What you are asked to do: Your answer should be the lines below from the one with "Фото Журнальный столик" to the one with "vemp-1003-03-o-factory-c6-z06-wheels-red-z06-corvette.jpg", both included, given again exactly and with nothing added.

Supplied entries:
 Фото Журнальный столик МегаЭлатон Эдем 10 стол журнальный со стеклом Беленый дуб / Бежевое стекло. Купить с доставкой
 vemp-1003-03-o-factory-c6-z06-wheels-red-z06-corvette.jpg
---
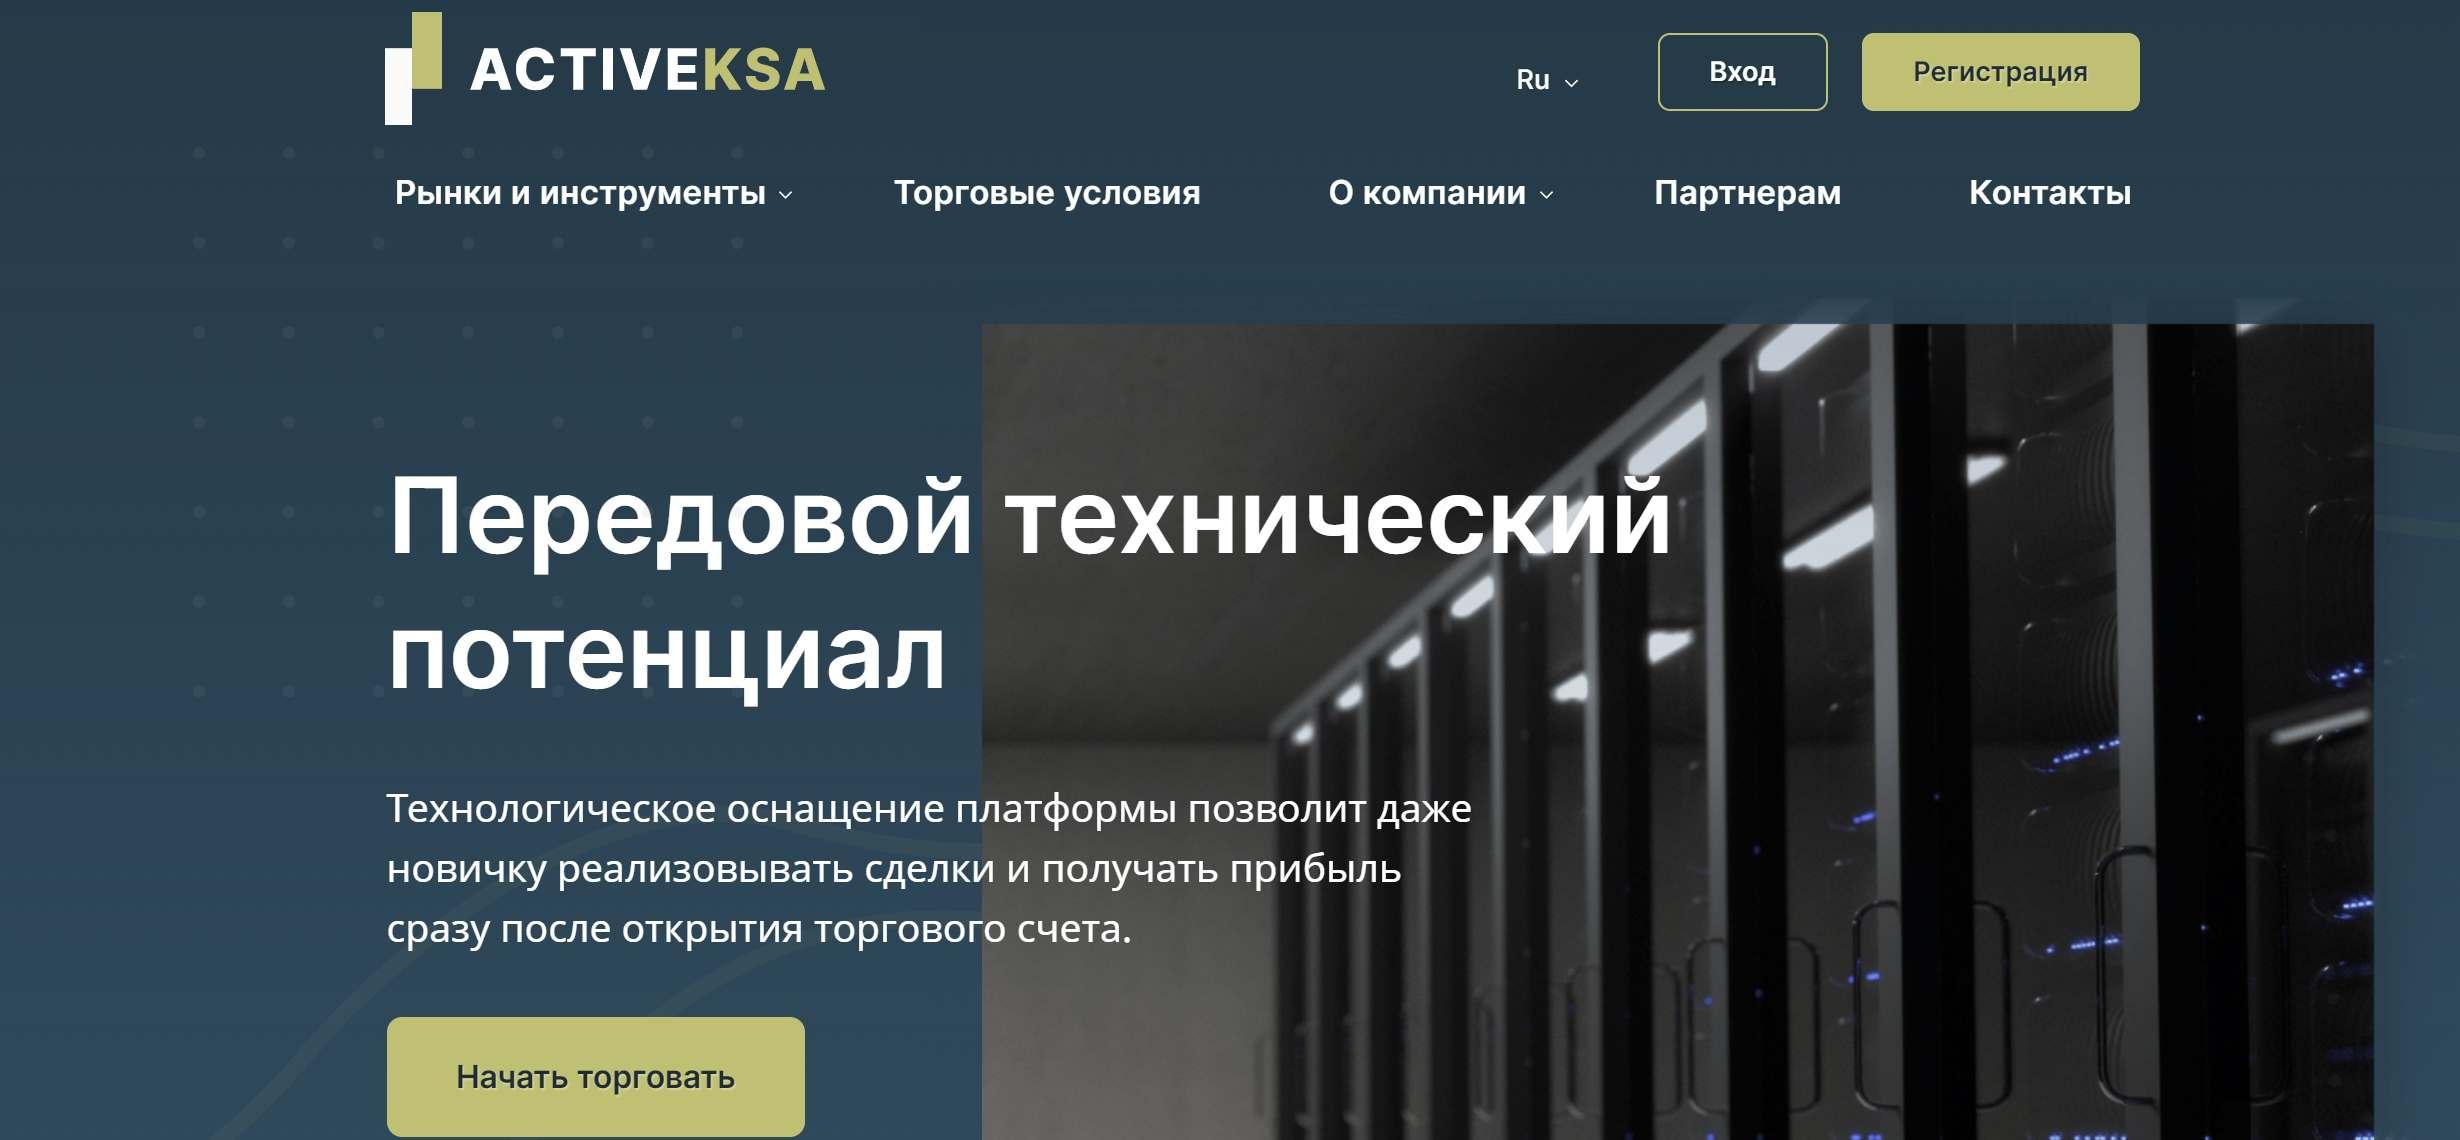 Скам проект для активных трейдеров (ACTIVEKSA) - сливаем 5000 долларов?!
--
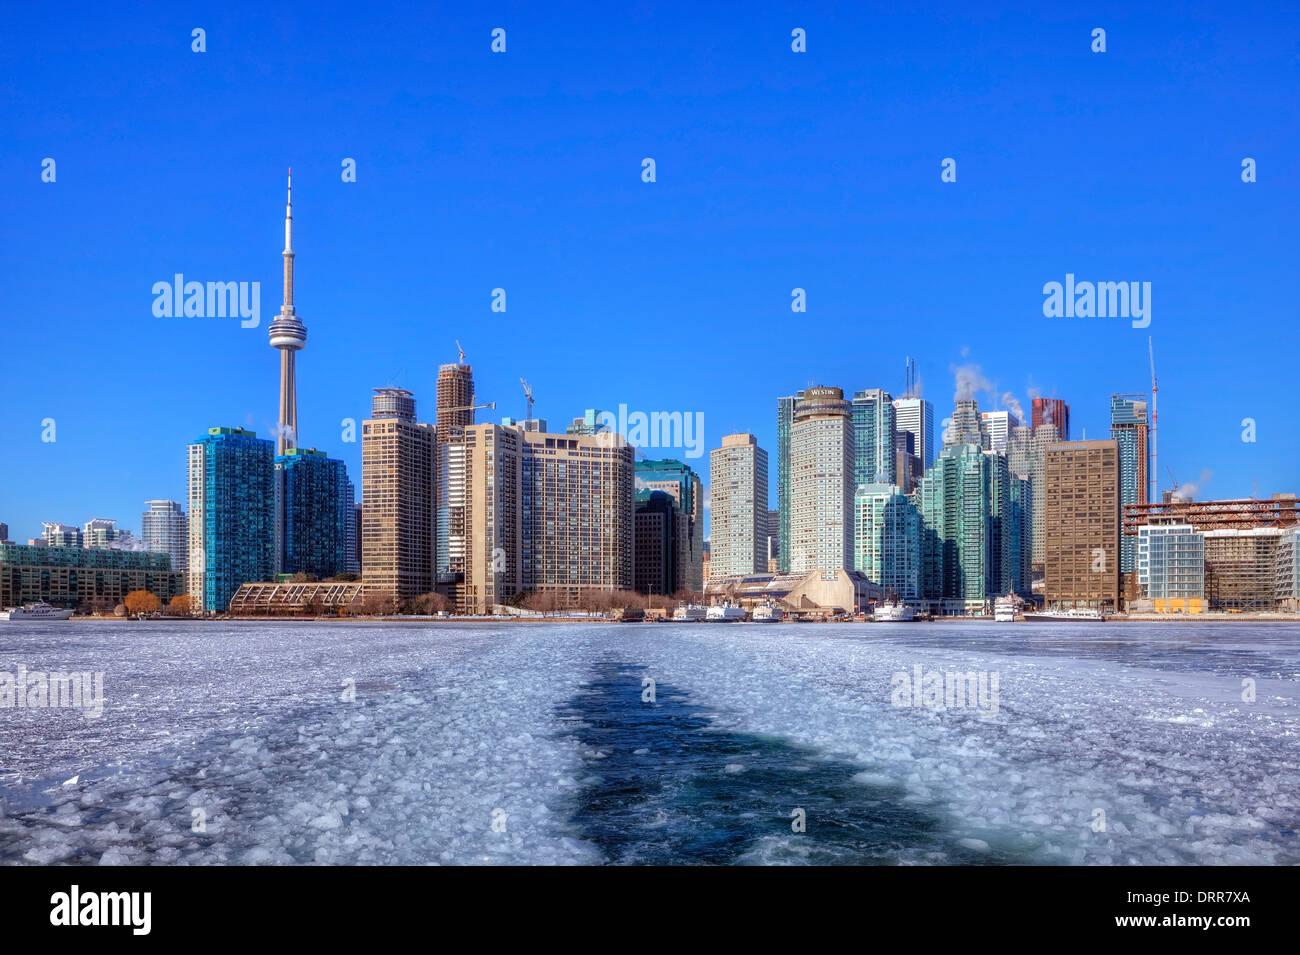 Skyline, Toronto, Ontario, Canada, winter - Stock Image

Task result:
 Фото Журнальный столик МегаЭлатон Эдем 10 стол журнальный со стеклом Беленый дуб / Бежевое стекло. Купить с доставкой
 vemp-1003-03-o-factory-c6-z06-wheels-red-z06-corvette.jpg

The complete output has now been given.